• Assigned task:
As the answer, give exactly the lines of the records below from the one with "Piano Mouth Mask" through the one with "Vetements x Reebok Sock Runner Collaboration", ends included and pictures left out.

··· Records shown ···

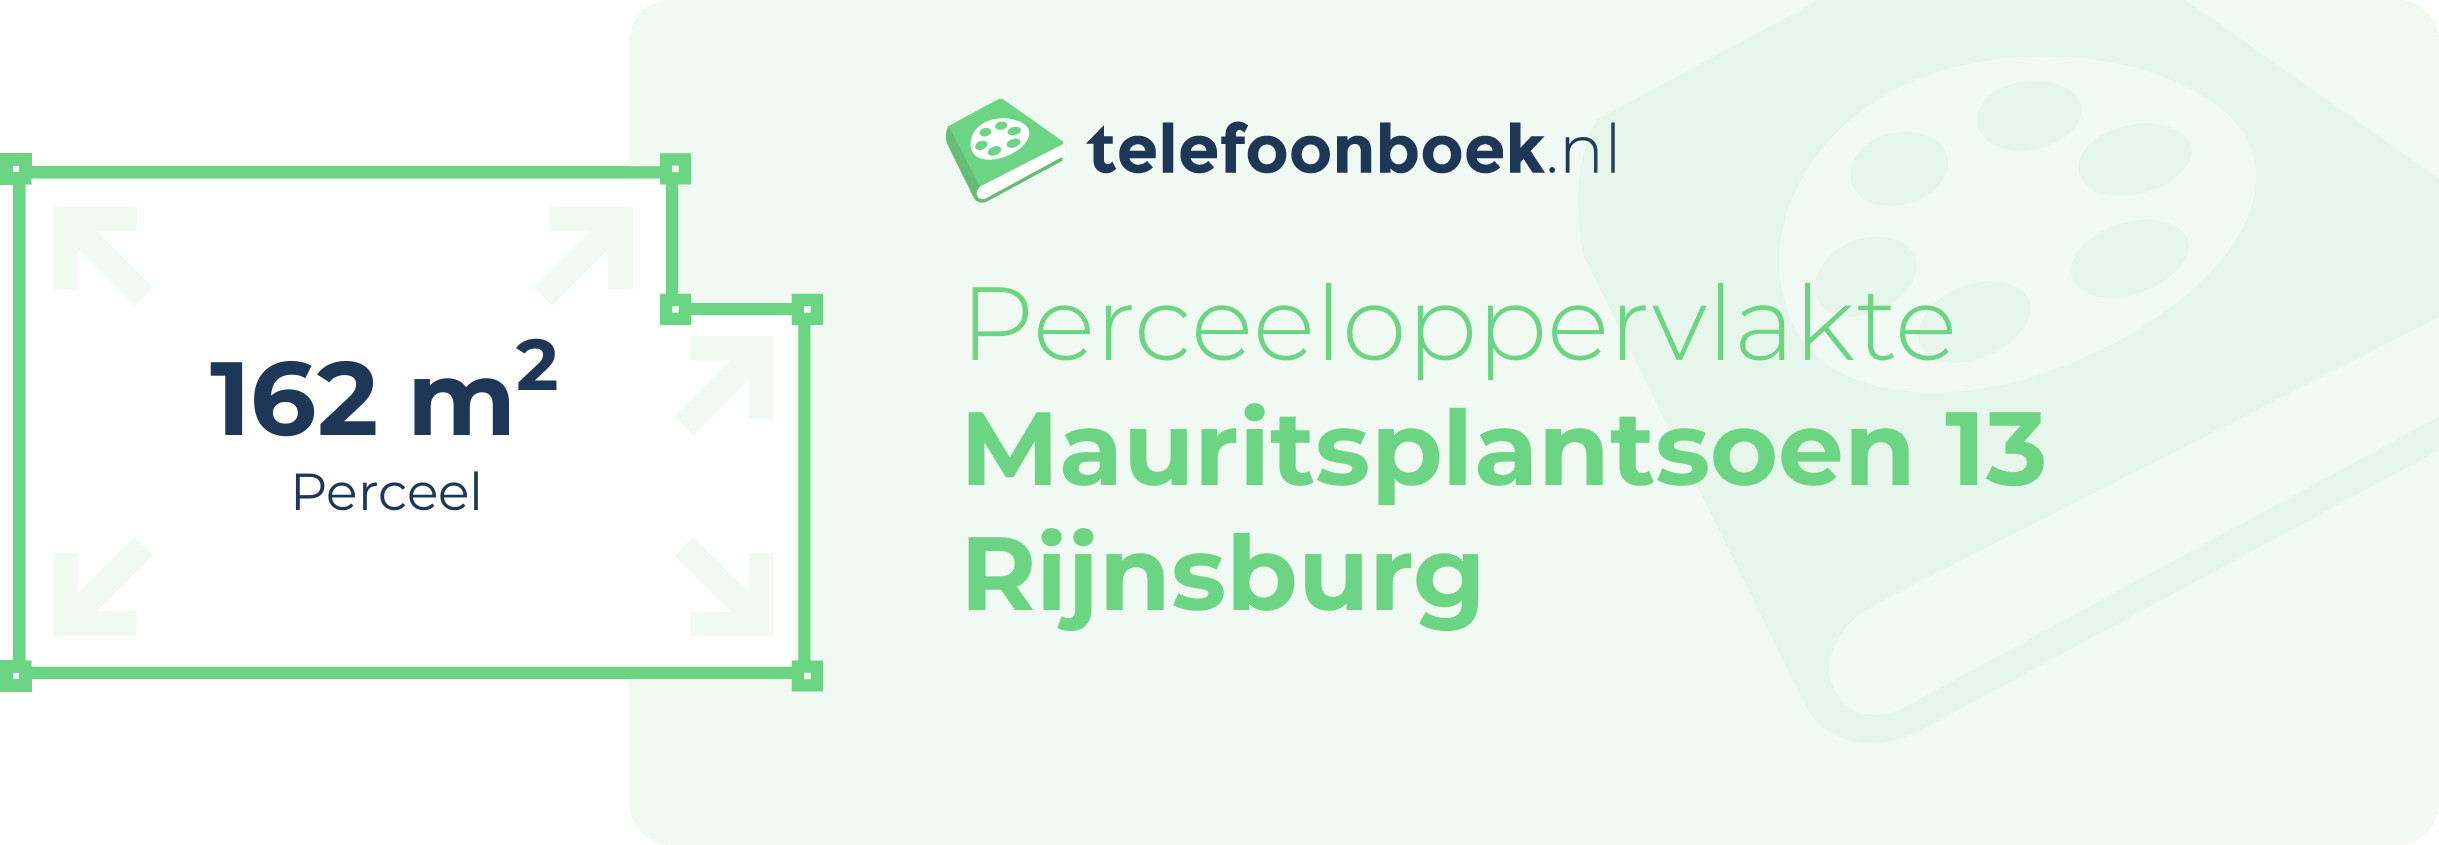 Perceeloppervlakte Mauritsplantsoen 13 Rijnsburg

···
··· Records shown ···

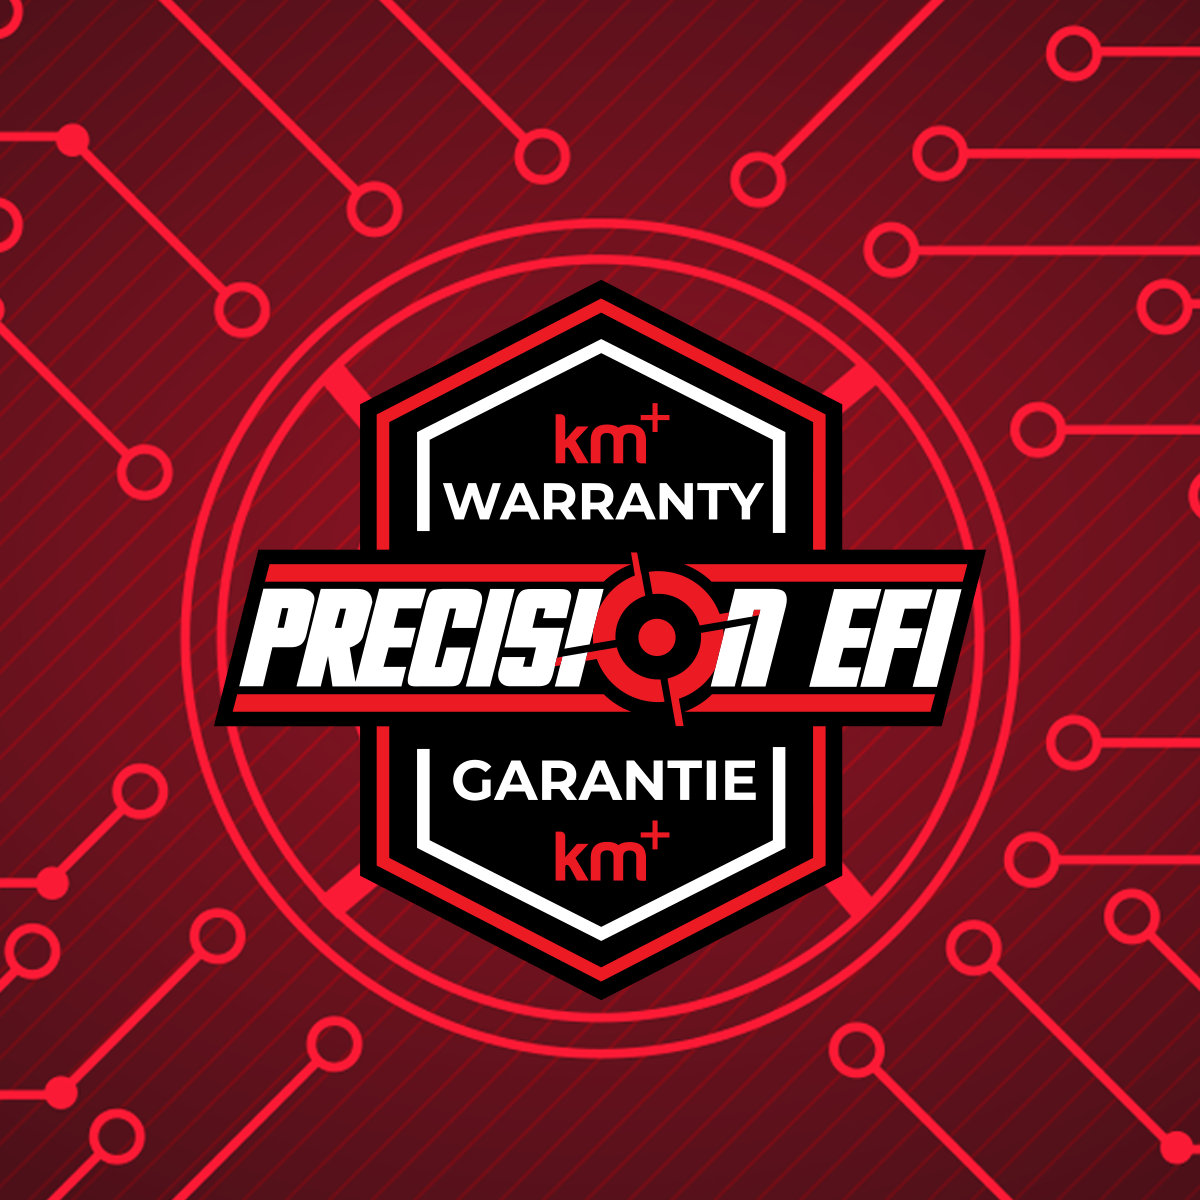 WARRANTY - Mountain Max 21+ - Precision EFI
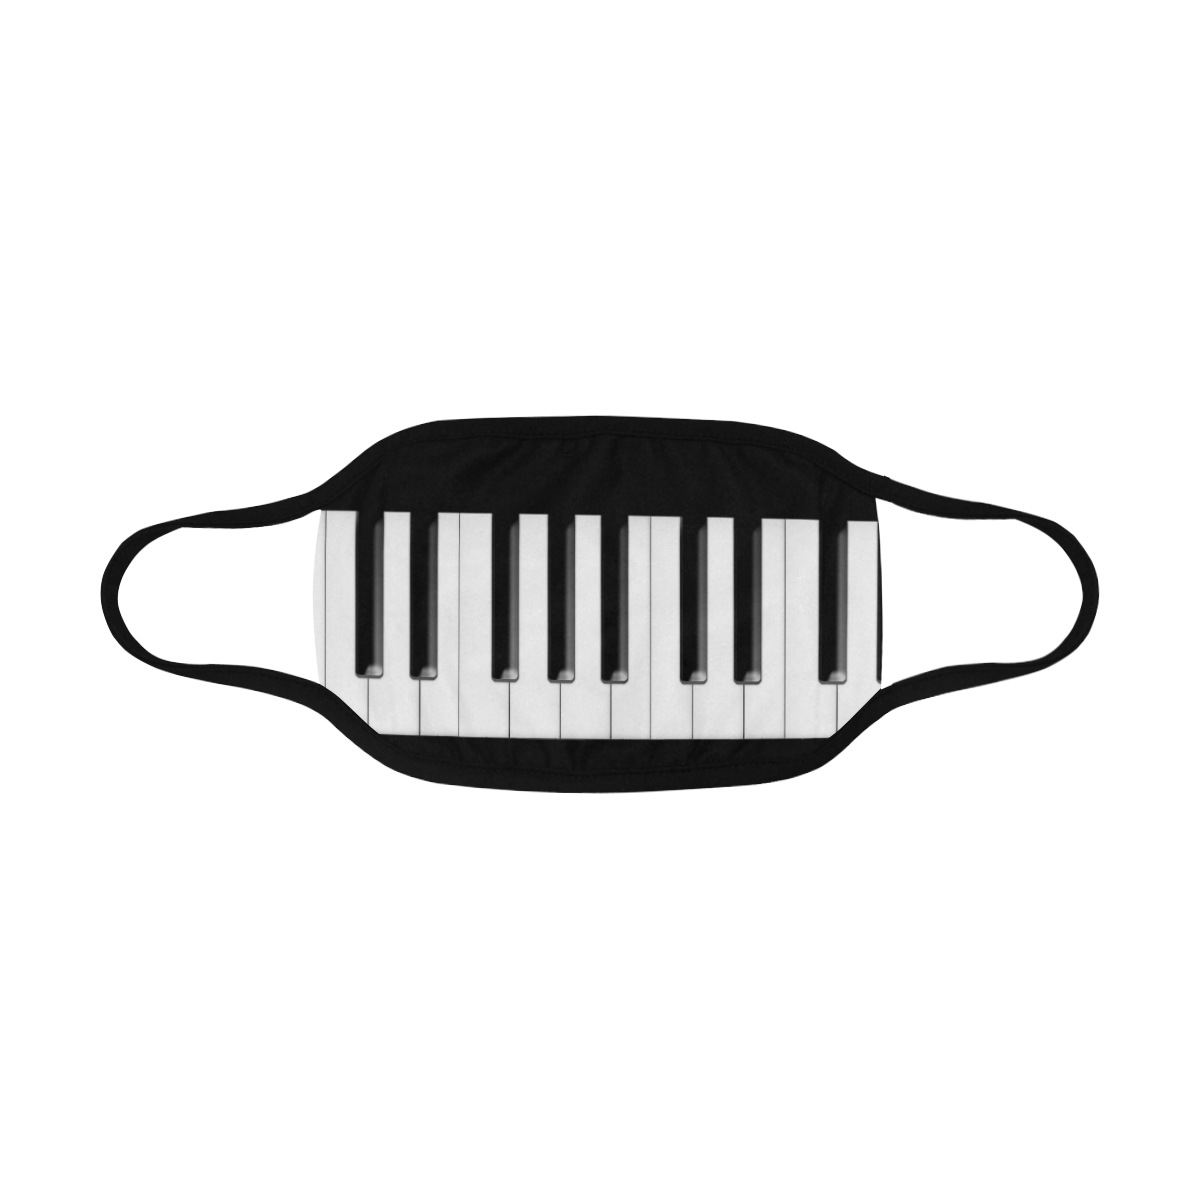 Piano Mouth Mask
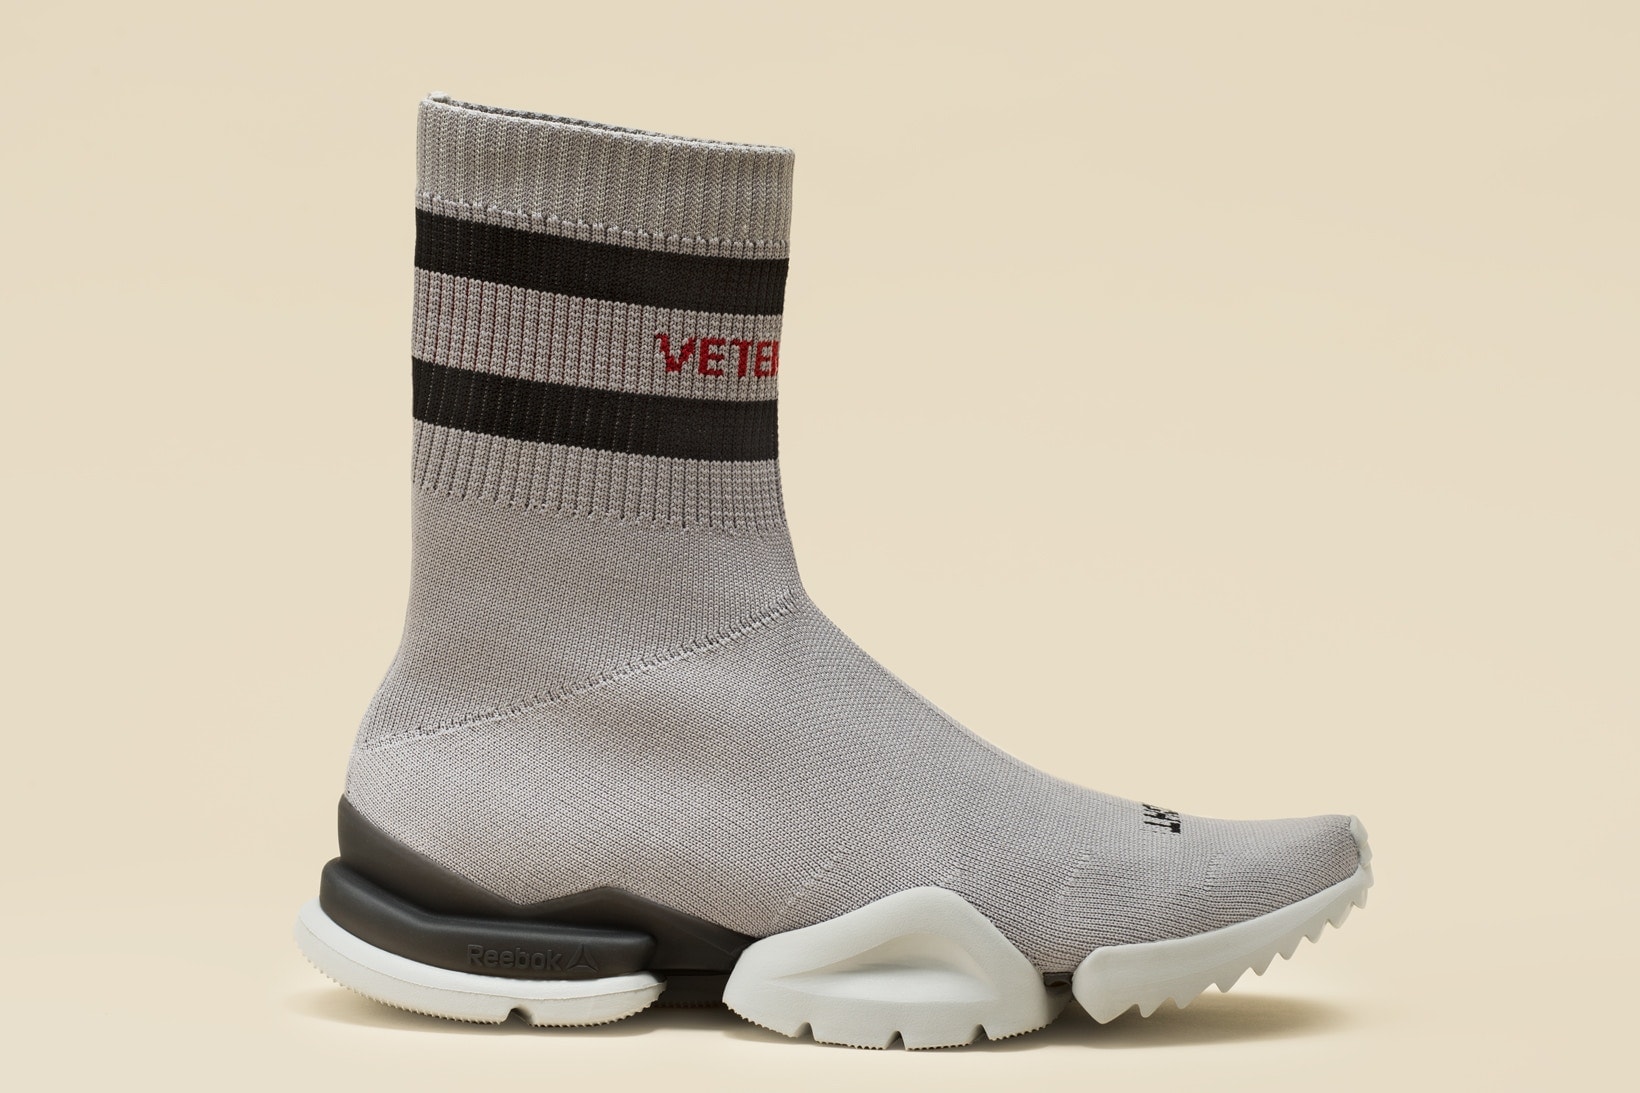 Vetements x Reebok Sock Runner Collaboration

···

• Output of the exercise:
 Piano Mouth Mask
 Vetements x Reebok Sock Runner Collaboration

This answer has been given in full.